Всё на земле - [20]

Шрифт
Интервал

На лавочке у дома напротив кто-то сидит. Встал. Любопытно.

Подошла старушка, маленькая, худенькая… Глянула в лицо Рокотову:

— Из району, сынок?

— Точно…

— Никак на свиданье?

— Да как вам сказать?

— Ага… — бабуся повернулась, зашагала к дому. Хлопнула калитка. Вот юмор… Ну и затейница эта Вера Николаевна…

Присел на подножку машины. Хорошо здесь Воздух ну прямо чудо. Закурить бы, да бросил пару месяцев назад. Выдержал столько времени, сейчас обидно начинать сначала.

А со двора скрипучий старушечий голос:

— Никак он, Вера… Выдь глянь. Я-то сослепу...

Совсем интересно.
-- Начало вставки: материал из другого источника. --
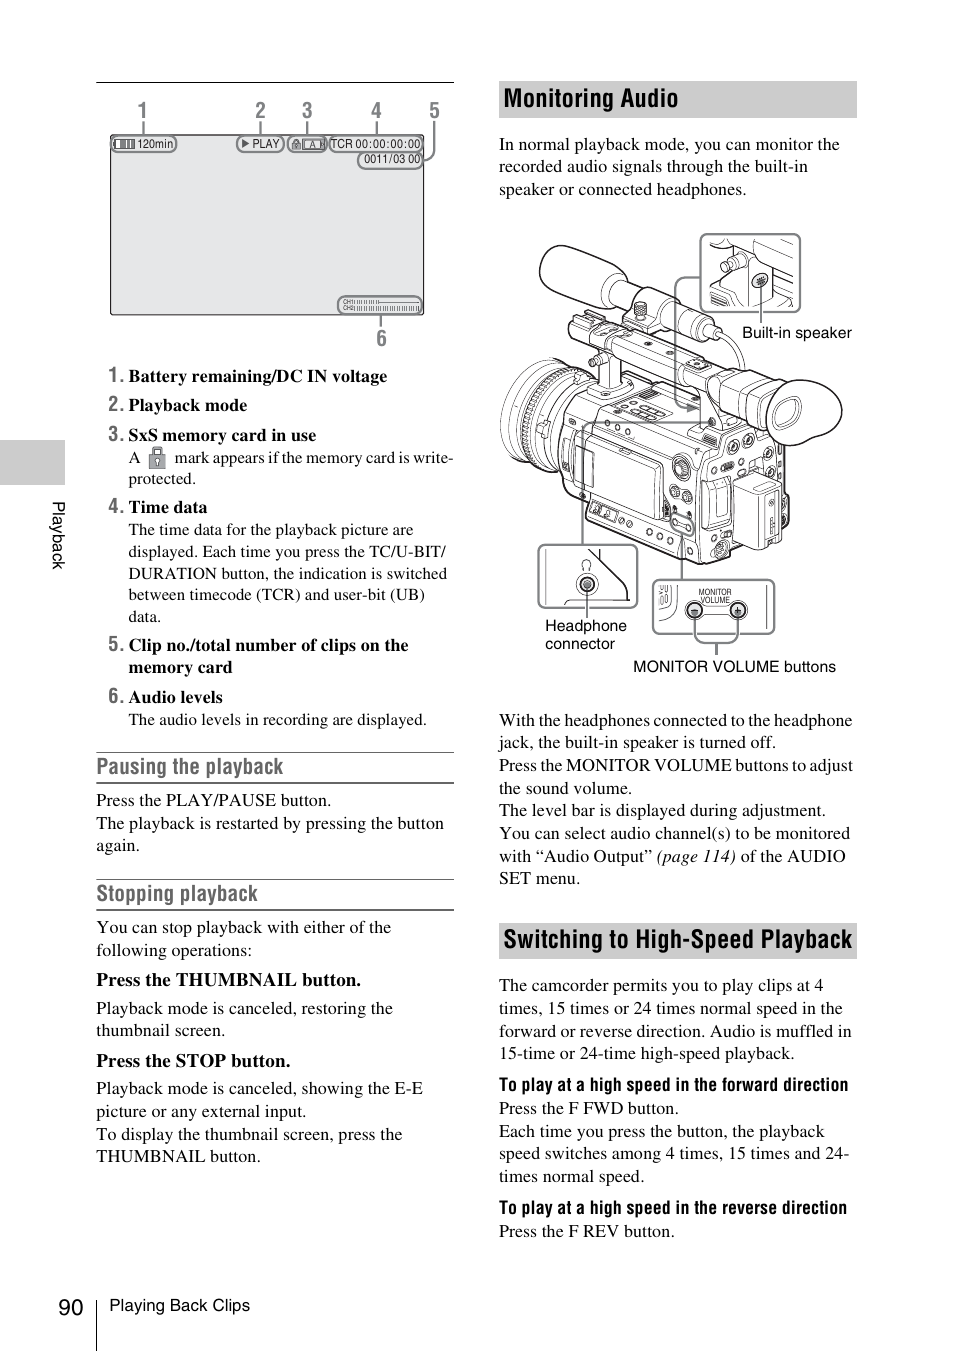 Monitoring audio, Switching to high-speed playback, Monitoring audio switching to high-speed playback | Pausing the playback, Stopping playback | Sony PMW-F3K User Manual | Page 90 / 164

Ай да Вера Николаевна, Да вот и она.

— Приехали, значит?

— Как видите.

Они пошли через скверик в ту сторону, где, как припоминал Рокотов, должен был быть пруд.

— Вы, кстати, не очень размахивайтесь насчет прогулки, — сказала она. — Поздно уже. Ну, и кроме всего прочего, ваше время, насколько мне известно, строго лимитировано. Как говорят, на государственном учете.

— Вы напрасно стараетесь меня рассердить. И потом еще вот что: неужто вам действительно нужно говорить только неприятные вещи? Не верю.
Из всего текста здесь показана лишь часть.